(Task brief) Quote all lines below exactly. Images stay out.

:: Data extract ::

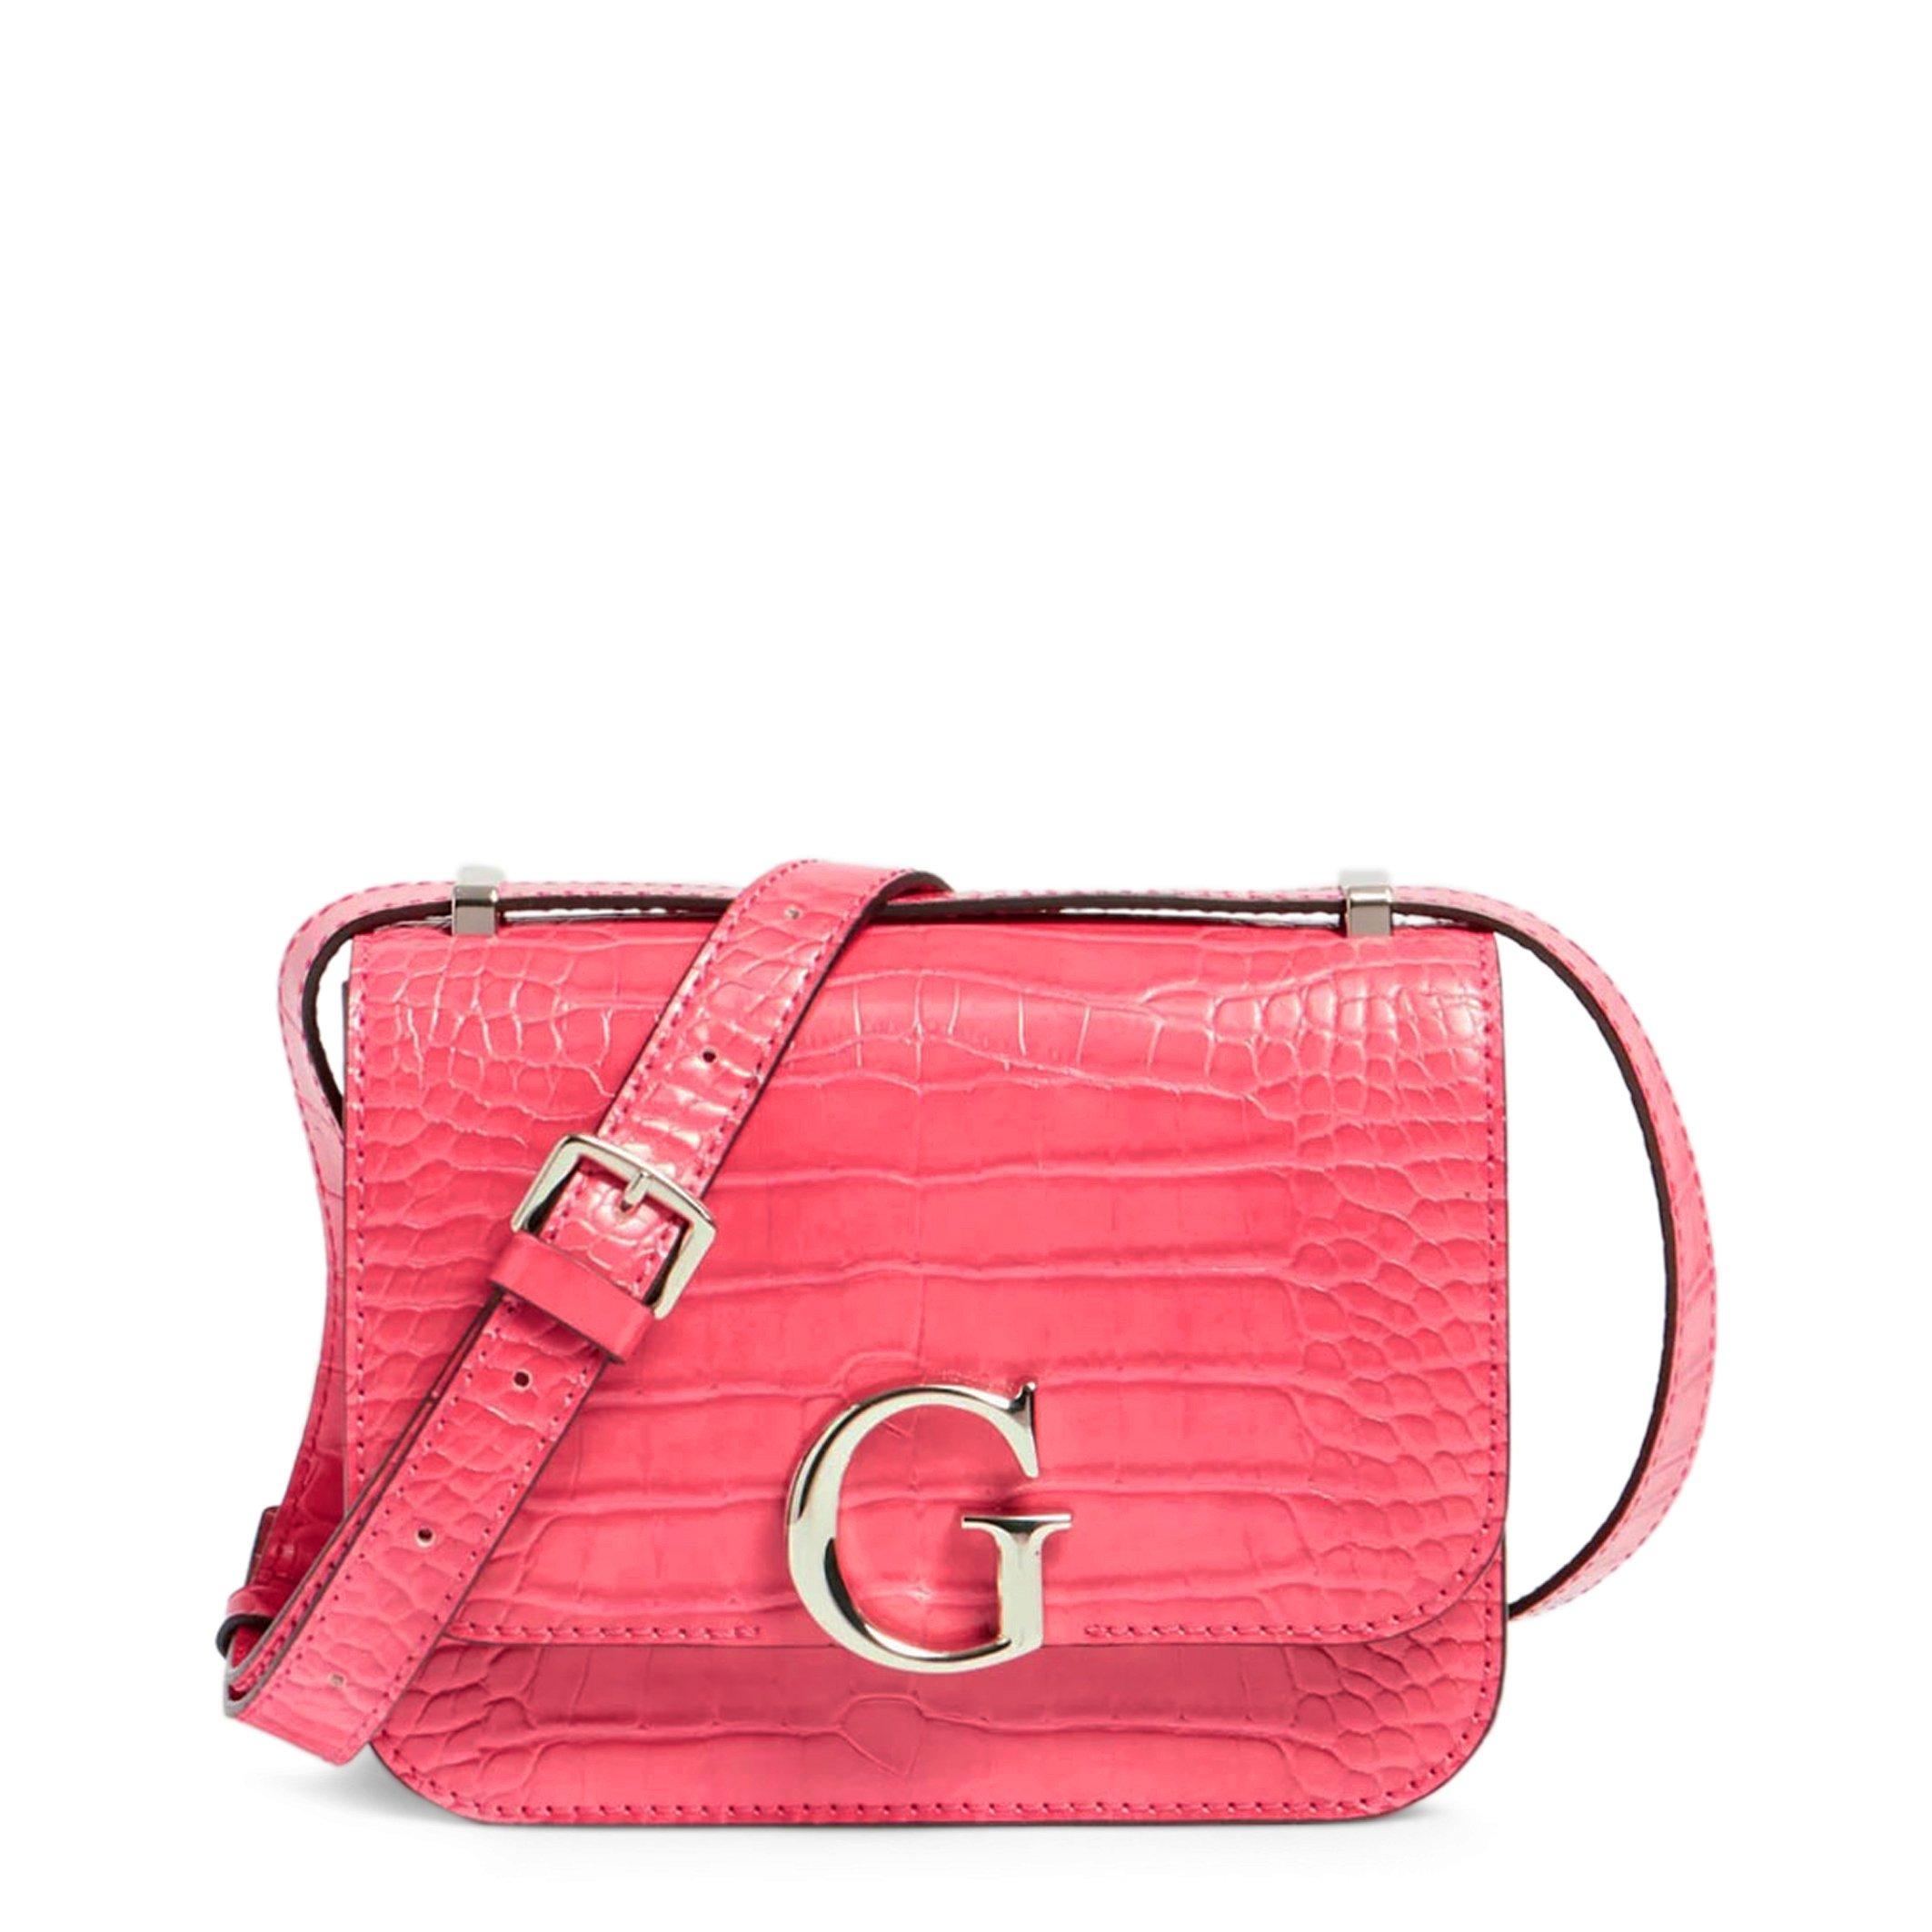 Guess Women's Crossbody Bag Various Colours Corily_HWCG79_91780 - pink NOSIZE
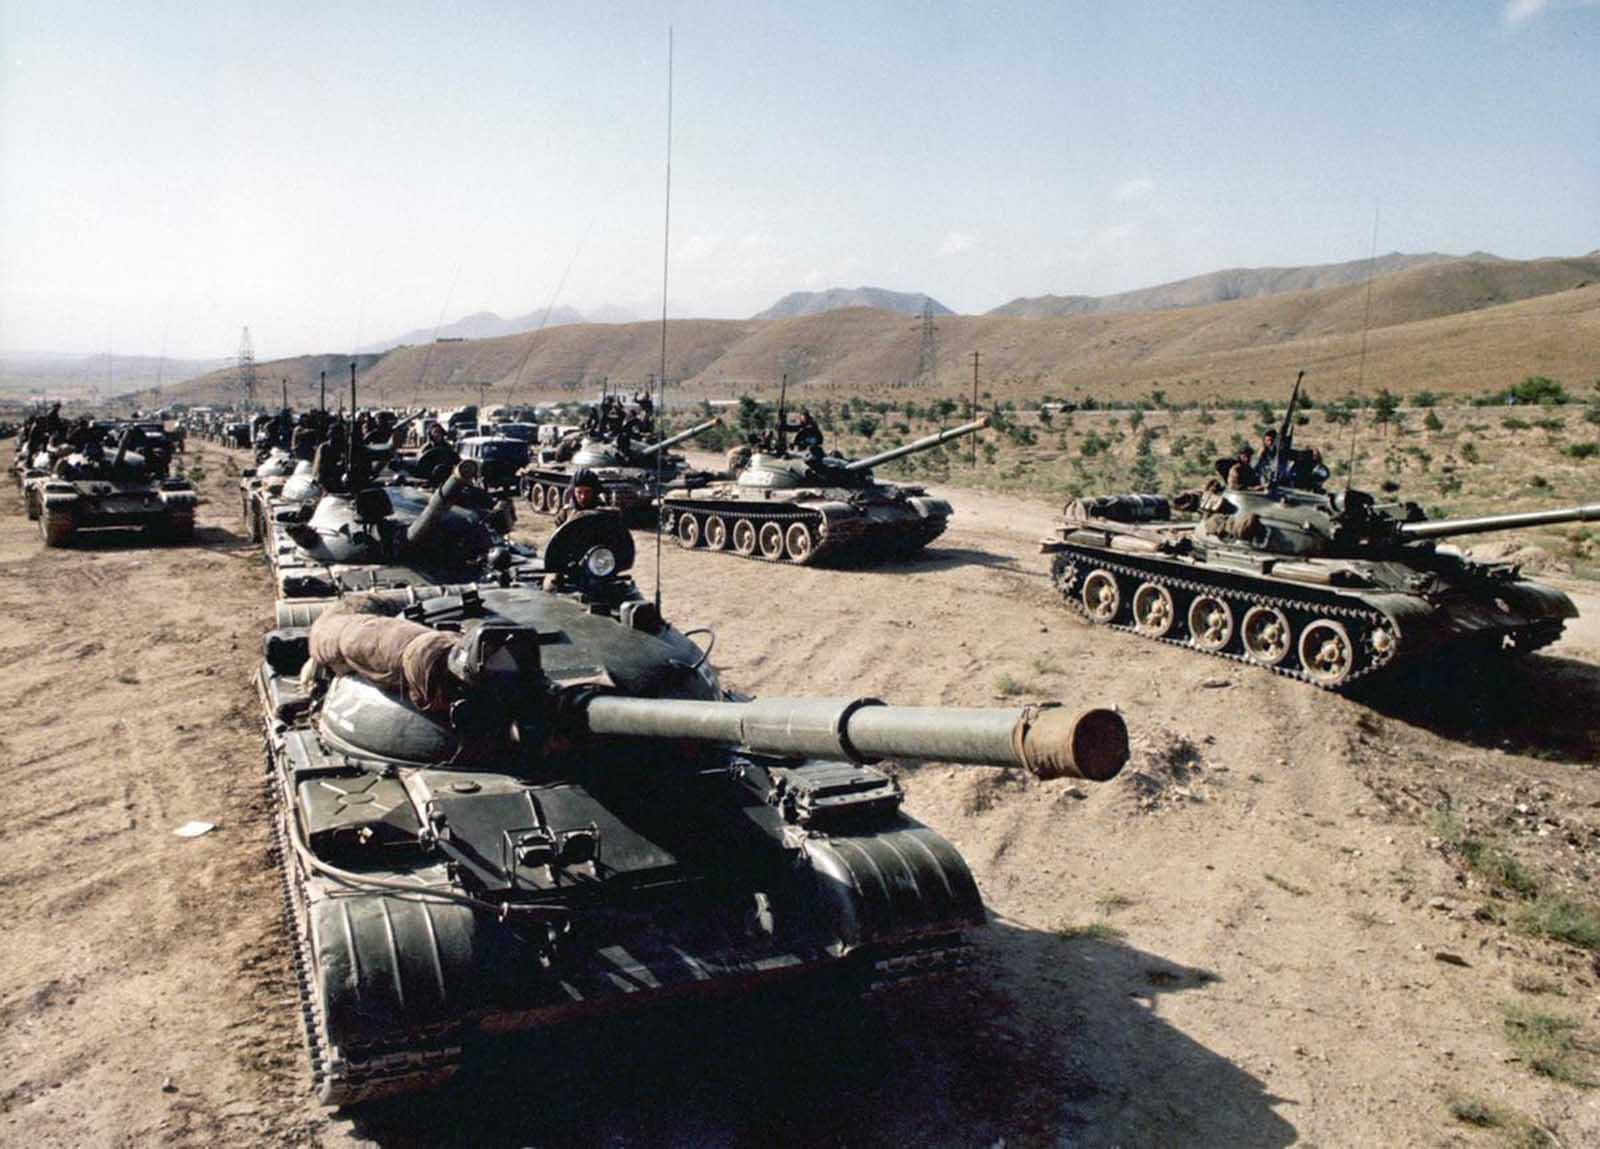 les blindés Soviet_war_in_afghanistan_in_pictures-10-jpg
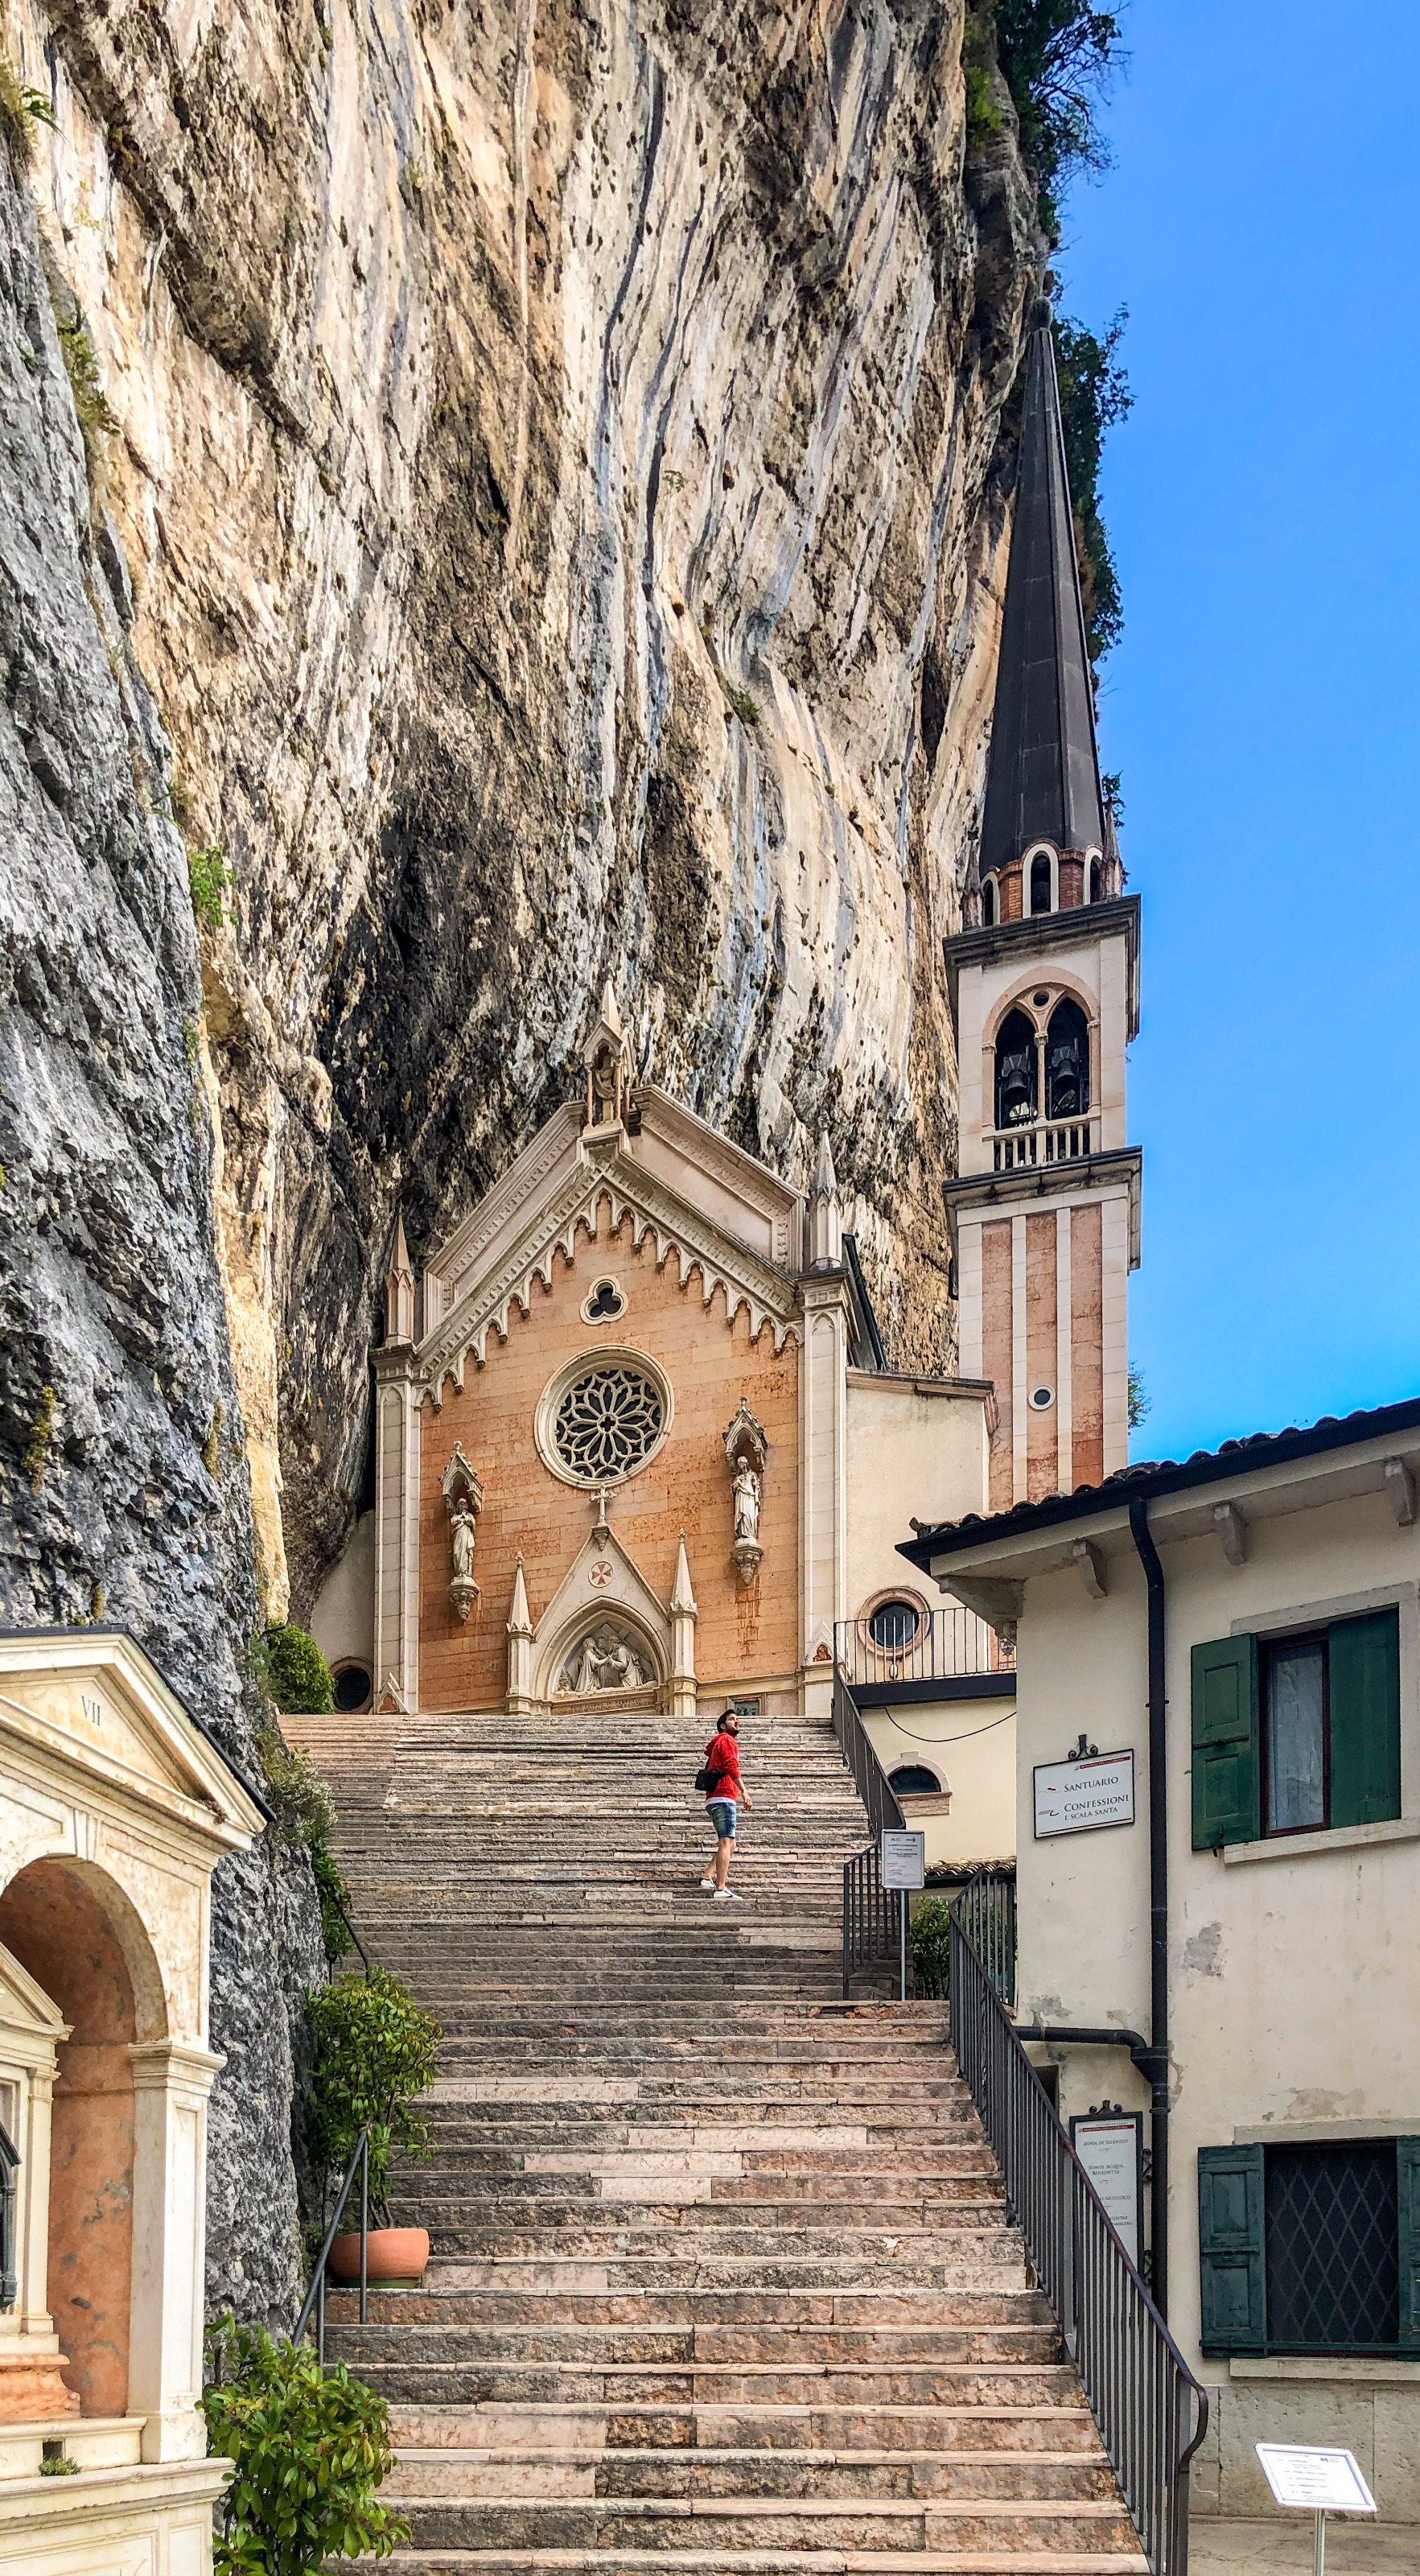 Italia - Italy - Casale Management - Travel - Veneto - Ferrara di Monte Baldo - Verona - Lago di Garda - Santuario Madonna della Corona - Scalinata Santuario

:::

(Completed task)
 Guess Women's Crossbody Bag Various Colours Corily_HWCG79_91780 - pink NOSIZE
 les blindés Soviet_war_in_afghanistan_in_pictures-10-jpg
 Italia - Italy - Casale Management - Travel - Veneto - Ferrara di Monte Baldo - Verona - Lago di Garda - Santuario Madonna della Corona - Scalinata Santuario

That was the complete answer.